*** Recorded data ***

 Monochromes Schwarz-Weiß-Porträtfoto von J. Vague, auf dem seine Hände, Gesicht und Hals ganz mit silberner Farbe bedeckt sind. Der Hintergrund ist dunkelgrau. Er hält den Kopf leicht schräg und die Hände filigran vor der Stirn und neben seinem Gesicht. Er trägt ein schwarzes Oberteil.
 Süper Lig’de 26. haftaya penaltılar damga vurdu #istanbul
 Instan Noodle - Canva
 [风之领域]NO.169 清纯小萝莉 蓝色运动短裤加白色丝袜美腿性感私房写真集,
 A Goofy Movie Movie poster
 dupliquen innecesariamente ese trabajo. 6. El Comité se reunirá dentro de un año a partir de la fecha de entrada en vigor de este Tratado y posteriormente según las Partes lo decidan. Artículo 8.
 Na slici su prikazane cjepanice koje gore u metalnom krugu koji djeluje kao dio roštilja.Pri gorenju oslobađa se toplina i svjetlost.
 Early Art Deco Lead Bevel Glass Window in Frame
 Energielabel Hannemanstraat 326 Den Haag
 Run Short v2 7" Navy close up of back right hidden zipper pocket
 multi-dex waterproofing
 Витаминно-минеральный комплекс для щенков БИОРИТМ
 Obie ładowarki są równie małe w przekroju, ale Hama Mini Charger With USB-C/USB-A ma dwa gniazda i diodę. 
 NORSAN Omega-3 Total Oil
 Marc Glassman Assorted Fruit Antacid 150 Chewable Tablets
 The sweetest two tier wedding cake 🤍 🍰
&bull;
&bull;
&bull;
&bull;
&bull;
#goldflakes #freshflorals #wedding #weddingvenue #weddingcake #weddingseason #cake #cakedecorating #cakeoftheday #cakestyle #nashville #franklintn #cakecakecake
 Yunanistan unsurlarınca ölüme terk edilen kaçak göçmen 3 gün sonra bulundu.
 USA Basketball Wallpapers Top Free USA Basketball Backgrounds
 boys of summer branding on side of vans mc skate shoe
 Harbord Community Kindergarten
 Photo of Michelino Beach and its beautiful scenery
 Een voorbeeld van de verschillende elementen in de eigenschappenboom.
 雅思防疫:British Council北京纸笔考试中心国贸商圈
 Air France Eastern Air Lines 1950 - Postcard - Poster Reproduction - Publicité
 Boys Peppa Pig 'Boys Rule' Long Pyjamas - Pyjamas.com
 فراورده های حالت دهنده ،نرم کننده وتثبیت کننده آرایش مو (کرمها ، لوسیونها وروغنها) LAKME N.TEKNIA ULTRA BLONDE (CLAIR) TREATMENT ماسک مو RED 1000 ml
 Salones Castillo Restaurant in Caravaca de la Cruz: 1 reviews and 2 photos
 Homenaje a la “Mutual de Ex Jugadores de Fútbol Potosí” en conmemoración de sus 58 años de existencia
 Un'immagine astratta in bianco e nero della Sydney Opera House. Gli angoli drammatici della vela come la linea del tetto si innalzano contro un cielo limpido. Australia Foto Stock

*** End of Recorded data ***

◆ Exercise brief
Please extract exactly, and only, the lines from the line containing "Marc Glassman Assorted" through the last line of the records.

◆ Exercise answer
 Marc Glassman Assorted Fruit Antacid 150 Chewable Tablets
 The sweetest two tier wedding cake 🤍 🍰
&bull;
&bull;
&bull;
&bull;
&bull;
#goldflakes #freshflorals #wedding #weddingvenue #weddingcake #weddingseason #cake #cakedecorating #cakeoftheday #cakestyle #nashville #franklintn #cakecakecake
 Yunanistan unsurlarınca ölüme terk edilen kaçak göçmen 3 gün sonra bulundu.
 USA Basketball Wallpapers Top Free USA Basketball Backgrounds
 boys of summer branding on side of vans mc skate shoe
 Harbord Community Kindergarten
 Photo of Michelino Beach and its beautiful scenery
 Een voorbeeld van de verschillende elementen in de eigenschappenboom.
 雅思防疫:British Council北京纸笔考试中心国贸商圈
 Air France Eastern Air Lines 1950 - Postcard - Poster Reproduction - Publicité
 Boys Peppa Pig 'Boys Rule' Long Pyjamas - Pyjamas.com
 فراورده های حالت دهنده ،نرم کننده وتثبیت کننده آرایش مو (کرمها ، لوسیونها وروغنها) LAKME N.TEKNIA ULTRA BLONDE (CLAIR) TREATMENT ماسک مو RED 1000 ml
 Salones Castillo Restaurant in Caravaca de la Cruz: 1 reviews and 2 photos
 Homenaje a la “Mutual de Ex Jugadores de Fútbol Potosí” en conmemoración de sus 58 años de existencia
 Un'immagine astratta in bianco e nero della Sydney Opera House. Gli angoli drammatici della vela come la linea del tetto si innalzano contro un cielo limpido. Australia Foto Stock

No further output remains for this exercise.